La Apostasía

La Apostasía

M. Russell Ballard
Presidente en Funciones del Cuórum de los Doce Apóstoles
Nuestra Búsqueda de la Felicidad


“Presidente, adivine lo que hicimos.”

La voz que oí en el teléfono me era familiar—y muy animada. Era uno de los misioneros bajo mi supervisión cuando prestaba servicio como presidente de una misión de la Iglesia en Toronto, provincia de Ontario, en Canadá. Había yo llegado a apreciar mucho a cada uno de aquellos devotos hombres y mujeres (conocidos durante su servicio misional como “élderes” y “hermanas”) que cumplían su promesa de servir al Señor como misioneros. Pero también había llegado a esperar lo inesperado, en especial de parte de aquellos vigorosos jóvenes y señoritas.

“¿Qué hicieron, élder?,” le pregunté con cierto temor. “Ya he tenido tantas sorpresas desde que estoy aquí que ni me atrevo a adivinar.”

El misionero aclaró su garganta y anunció: “¡Mi com­pañero y yo hemos hecho los arreglos para que usted hable en la Facultad de Teología de la Universidad de Toronto!”

A juzgar por el tono de su voz, era indudable que mi joven amigo esperaba que yo recibiría su anuncio con el mismo entusiasmo incontenible que comúnmente se mani­fiesta al salir campeones en un torneo deportivo. La expe­riencia, sin embargo, me ha enseñado a sujetar con firmeza las riendas del entusiasmo en tales circunstancias.
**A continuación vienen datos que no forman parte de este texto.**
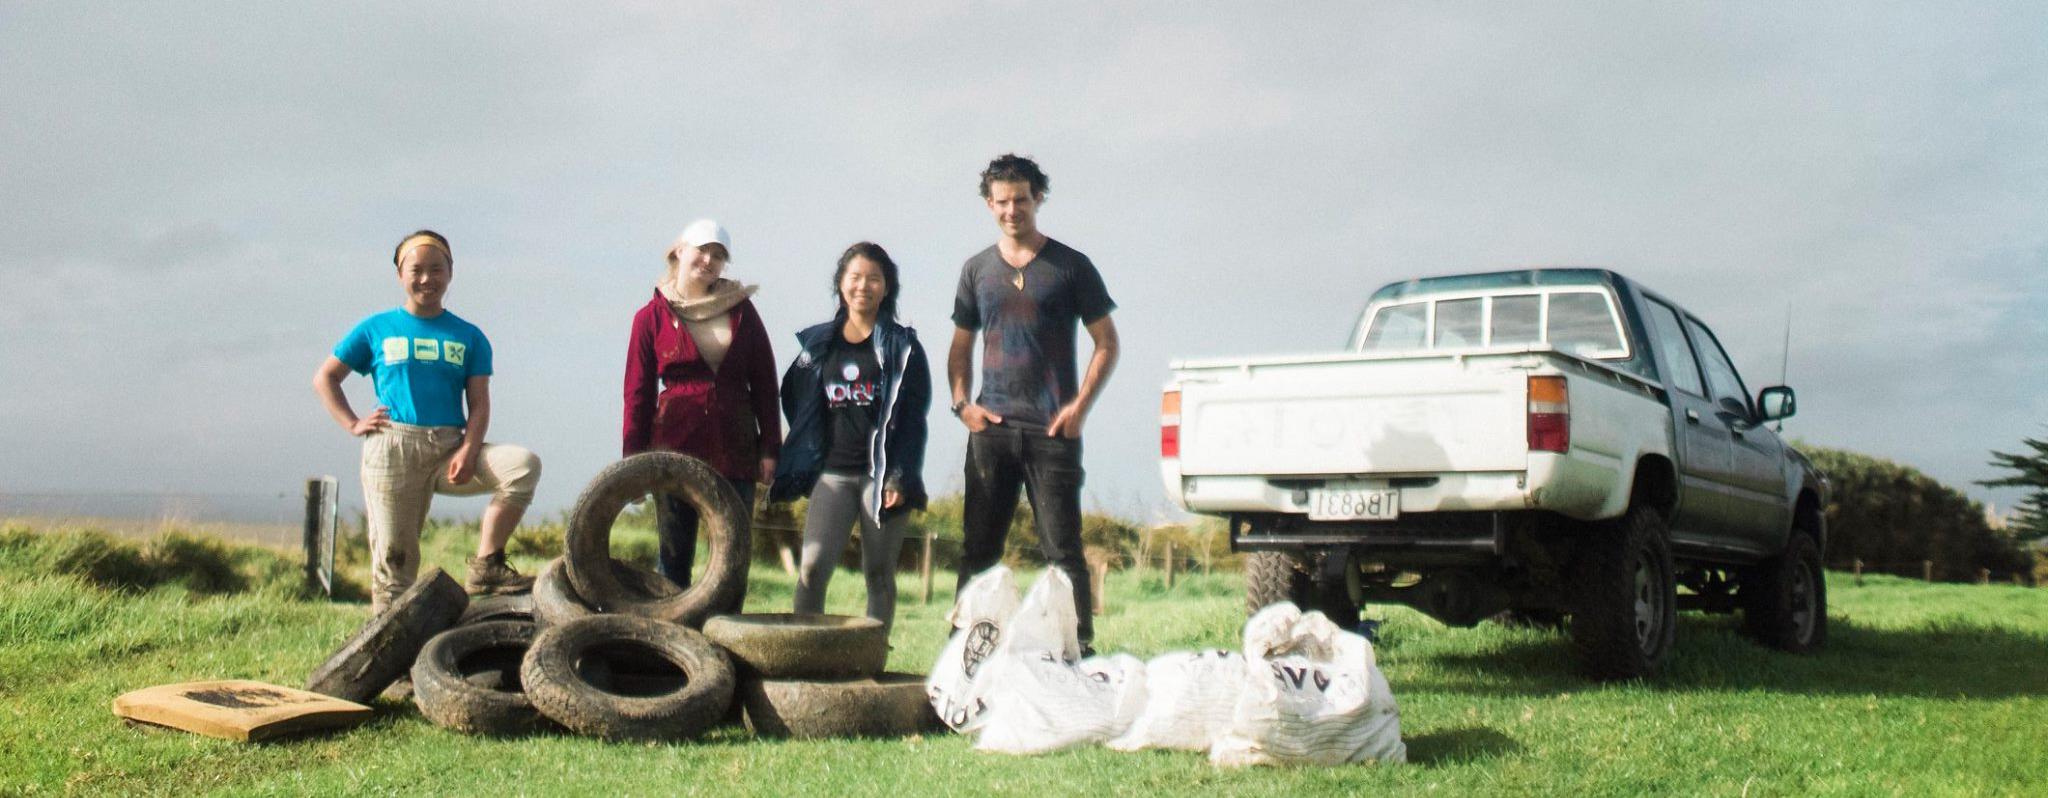 Volunteer in New Zealand

“Bueno,” le contesté, “es muy interesante. Pero ¿qué sig­nifica todo eso?”

Hubo una breve pausa durante la cual percibí que hablaba con tono apagado y anhelante con su compañero misionero. “No estamos muy seguros, presidente,” dijo con muy poca convicción en su voz. “¡Creemos que ello quiere decir que usted va a poder enseñar a un grupo de ministros de otras religiones por qué nuestra Iglesia es verdadera!”

No pude menos que sonreír, y no solamente a causa de su inocente alarde. Nuestra conversación trajo a mi memo­ria la ocasión en que, unos veintisiete años antes, yo había concertado una “oportunidad” similar para mi presidente de misión en Inglaterra. Hasta tuve la idea de responder de la misma manera que lo había hecho mi presidente de misión, quien dispuso que yo me encargara de cumplir con la asig­nación que había programado para que él hablara ante la Sociedad de Debate en Nottingham.

Pero la posibilidad de compartir mis creencias con un grupo de ministros religiosos me pareció fascinante y decidí aceptar la invitación. El día indicado concurrí a la Facultad de Teología en Toronto y me reuní con unos cuarenta y cinco ministros, sentados todos alrededor de una gran mesa redonda. Se me adjudicaron cuarenta y cinco minutos para que explicara las enseñanzas básicas de la Iglesia, al cabo de cuyo período los ministros tendrían la oportunidad de hacerme preguntas.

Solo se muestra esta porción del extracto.